As an important part of digital image processing technology, image matching has been widely used in the fields of autonomous robot driving [1], target tracking and recognition [2-3] and visual navigation [4-5]. Feature-based image matching algorithm is the mainstream direction of current image matching technology. Lowe proposed the SIFT (scale invariant feature transform) algorithm [6]. Bay et al reduced the dimensionality of the feature description operator to 64 dimensions and proposed the SURF (speeded up robust features) operator, which improves the matching efficiency [7]. Rub lee et al proposed the ORB (oriented FAST and rotated BRIEF) algorithm[8], which is one order of magnitude more efficient in feature point extraction than the SURF algorithm and two orders of magnitude more efficient than the SIFT algorithm. Although the ORB algorithm is faster in computation and can resist rotational transformation, its resistance to perspective transformation is poor. In view of this, Morel et al [9] proposed the ASIFT (Affine-SIFT) algorithm with anti-viewpoint transformation capability by simulating the viewpoint deformation using affine sampling. Based on the ASIF algorithm, the ASURF [10] (Affine-SURF) algorithm, the AORB [11] (Affine-ORB) method, and the AFREAK algorithm [12] (Affine-FREAK) utilize the SURF, ORB, and FREAK algorithm instead of SIFT algorithm, which effectively improves the computational speed of the algorithm. Cai et al proposed PSIFT (Perspective-SIFT) algorithm [13] based on ASIFT algorithm using the perspective transformation model instead of the affine transformation model, which improves the matching accuracy. However, the complexity of these two algorithms increases dramatically to ensure resistance to image rotation, image scale, and parallax changes in continuous images.

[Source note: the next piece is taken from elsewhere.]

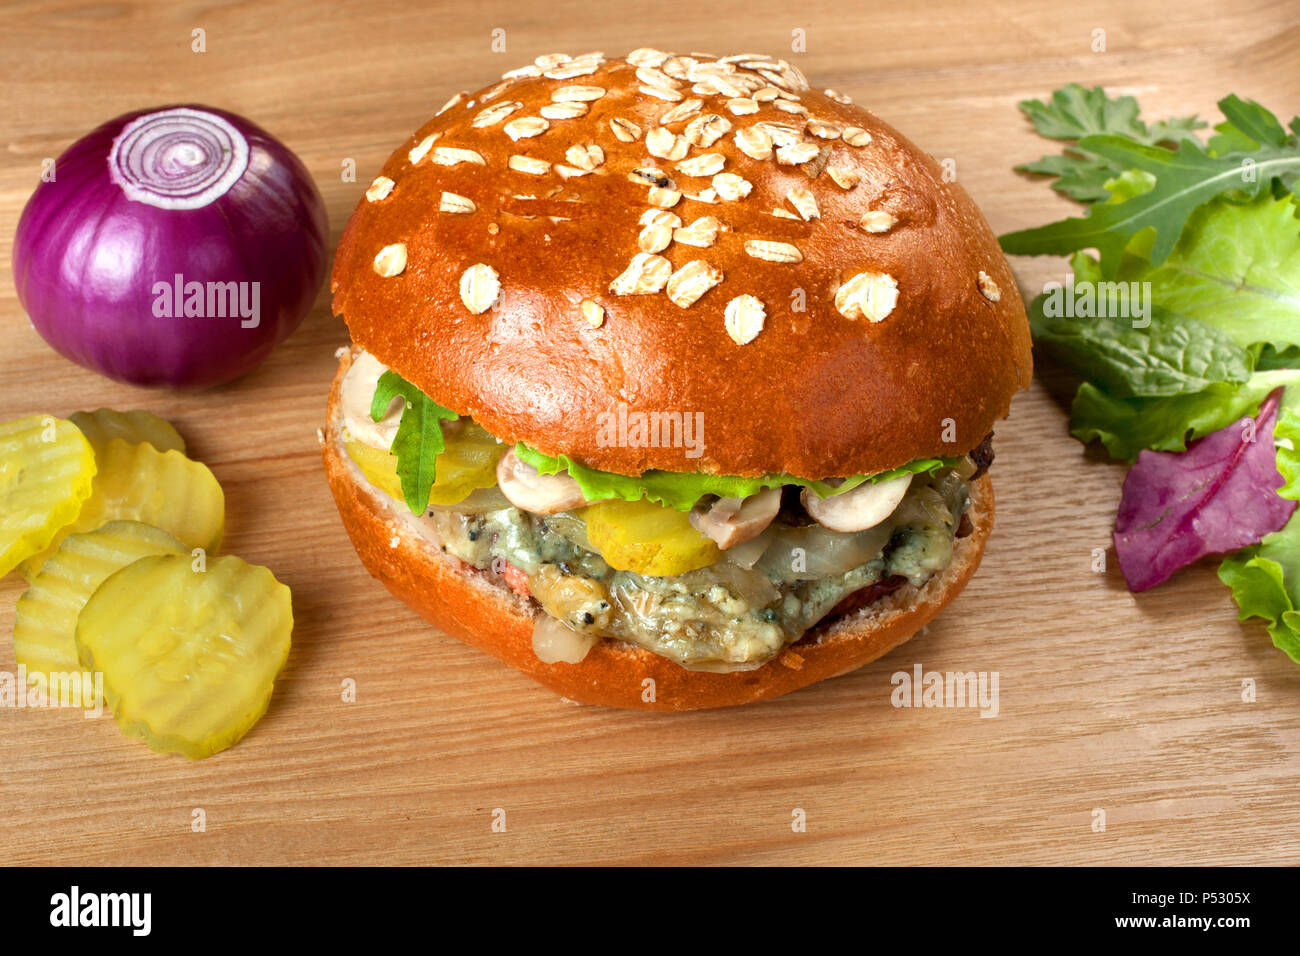 homemade hamburger with blue cheese sauce on a wooden table Stock Photo

In this paper, a feature point detection and matching algorithm based on affine transformation space is proposed. At the stage of constructing affine transformation space, the valid regions in the image after perspective change are marked by tracking the four boundary corner points of the original image, thus avoiding feature detection in invalid regions. In the feature detection and description stage, the binary descriptor of the ORB algorithm is introduced into the affine transformation space, and a Gaussian pyramid is established to obtain the feature points with scale invariance. To improve the descriptive ability of the binary descriptor, the gradient contrast information in multiple directions in the neighborhood of feature points is added to the original grayscale contrast information to obtain the final binary descriptor instead of the original real-valued descriptor. Through experiments on the dataset of large-view scenes and sequence images, it is demonstrated that the algorithm can improve the time efficiency of the original algorithm while solving the matching problem in large-view scenes, and can guarantee the matching effect.

2.

PRINCIPLE OF FEATURE MATCHING ALGORITHM BASED ON AFFINE TRANSFORMATION SPACE

2.1

Effective area identification

According to the affine transformation model and certain sampling range and sampling interval of tilt coefficient and longitude angle, the original image is perspective transformed to obtain the full perspective space, i.e., the affine transformation space, as shown in Figure 1a, which shows part of the image after perspective transformation. To avoid the computation of the detector in the invalid region, the four boundary corner points of the original image are tracked to construct the effective region mapping of the affine space, as shown in Fig. 2.1b.

Figure 1

(a) affine space construction (b) Effective area identification extraction and aggregation

00318_PSISDG12601_126010K_page_2_1.jpg

2.2

Feature point detection

This paper uses a modified FAST detector similar to the ORB algorithm for feature point detection in the feature point detection stage. FAST corner point is defined as: if any point to be detected is smaller or larger than the gray value of a certain number of sampled points in the neighborhood, it will be identified as a candidate corner point.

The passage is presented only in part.